Cookie Policy

These keep the app working. They cannot be turned off without breaking sign-in or session persistence.

• Supabase auth session (cookies set by Supabase, names beginning with sb-): keeps you signed in across page loads. Set after a successful sign-in. Cleared on sign-out or expiry.
• Locale preference (set by next-intl middleware): remembers whether you chose English or French so the URL routing works the same way next time.
• CSRF protection (token in the form action layer): standard server-action security; not used for tracking.

We use PostHog (when enabled) to understand which features are used and where the app is confusing. PostHog sets one cookie to assign you a pseudonymous ID. We do not link that ID to your email or other personal data inside PostHog.

You can opt out via your browser’s “Do Not Track” setting; we honor it. A consent banner offering an explicit toggle is being built; until then, DNT is the opt-out path.

We use Sentry to capture errors and crashes. Sentry uses a small amount of session storage to correlate error events; this isn’t a cookie in the technical sense. We’ve configured Sentry to scrub email addresses, IP addresses, and other personal identifiers before sending error reports.

Error tracking is essential to running a reliable app. We don’t offer an opt-out, but the data captured is minimal and never used for marketing.

The app keeps some data on your device using IndexedDB and localStorage:

• Offline mutation queue — when you make changes (rate a cigar, add to a humidor) while offline, they queue locally and sync when you’re back online.
• View preferences — small UI state like which list view you prefer.
• PWA install hint dismissal— if you dismiss the “install this app” prompt, we remember not to show it again.

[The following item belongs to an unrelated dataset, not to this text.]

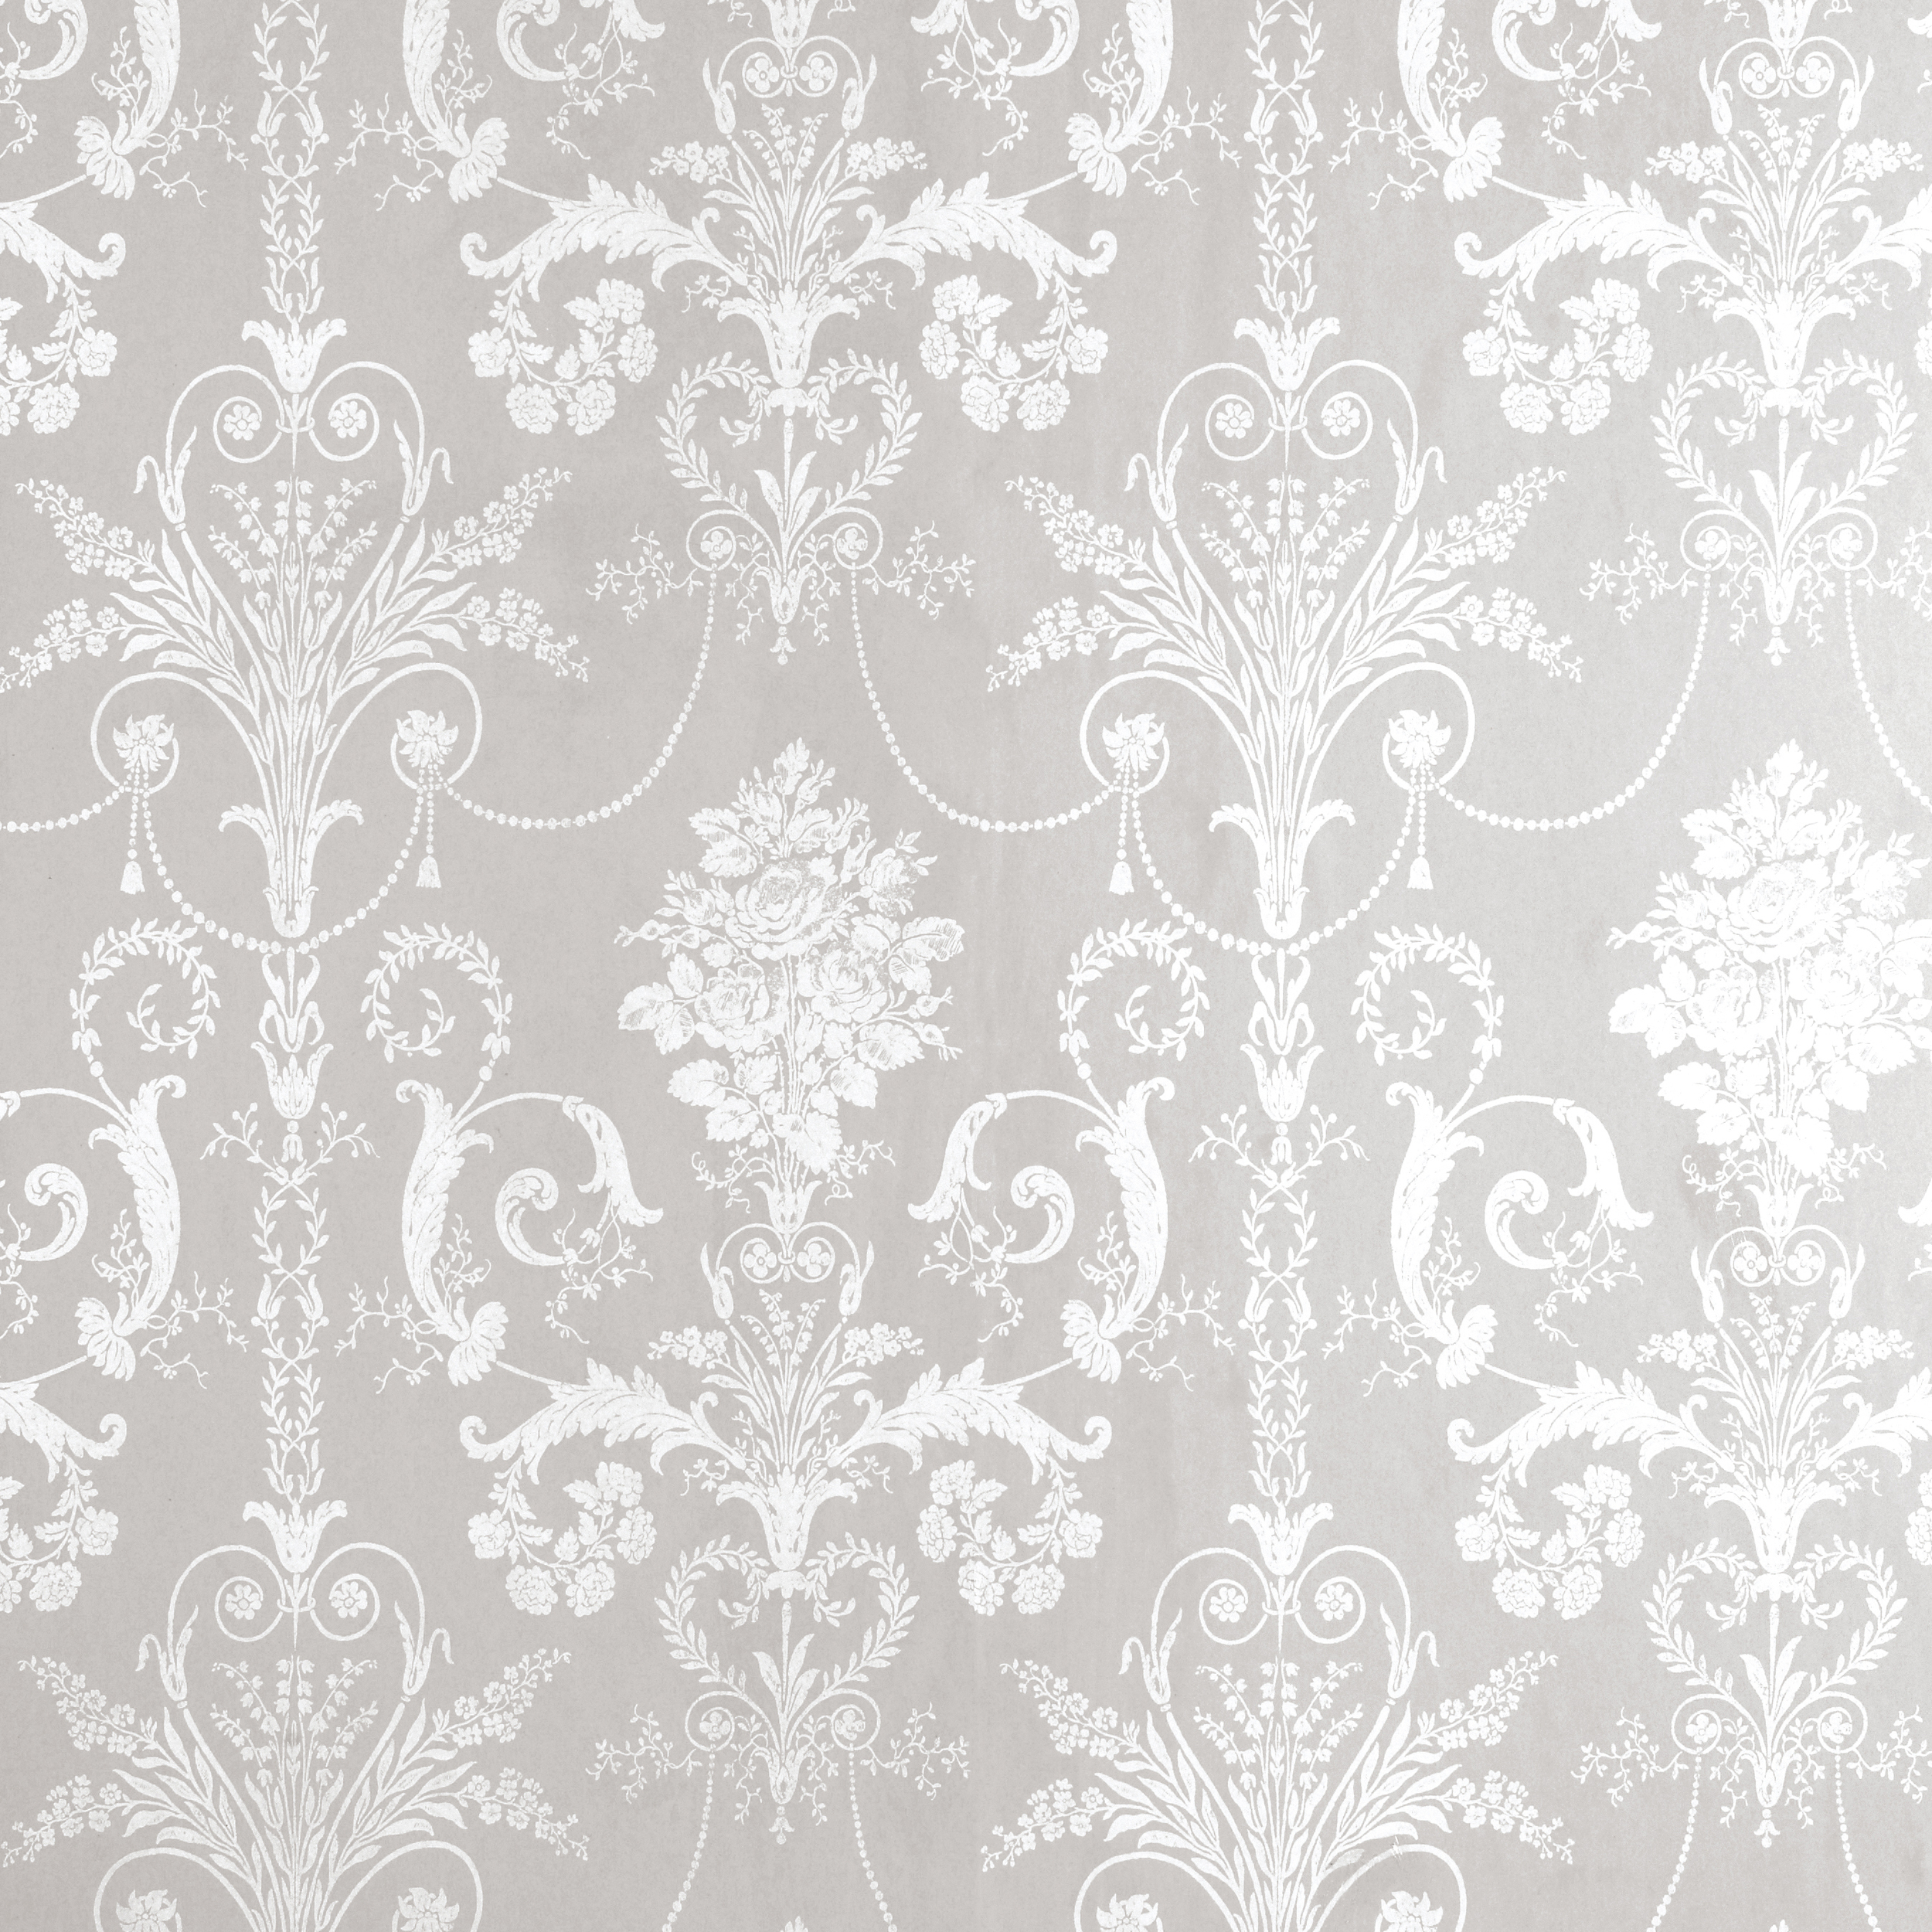 49 Grey Wallpaper Designs On Wallpapersafari

Local storage is cleared when you clear your browser data or uninstall the PWA.

We do not embed third-party advertising networks, social tracking pixels, or analytics other than what’s listed above. When you click an affiliate link, the destination retailer may set its own cookies — those are governed by that retailer’s policy, not ours.

You can clear all cookies from your browser’s settings; doing so will sign you out and remove your preferences. You can also browse in incognito or private mode if you want to use the app without persistent cookies — sign-in won’t survive across sessions.

For analytics opt-out, set your browser’s “Do Not Track” flag. A dedicated consent UI is being built and will replace DNT once it lands.

If we add a new cookie or third-party SDK, we’ll update this page and bump the “last updated” date.

For details on what data we collect (vs. what cookies we set), see the Privacy Policy.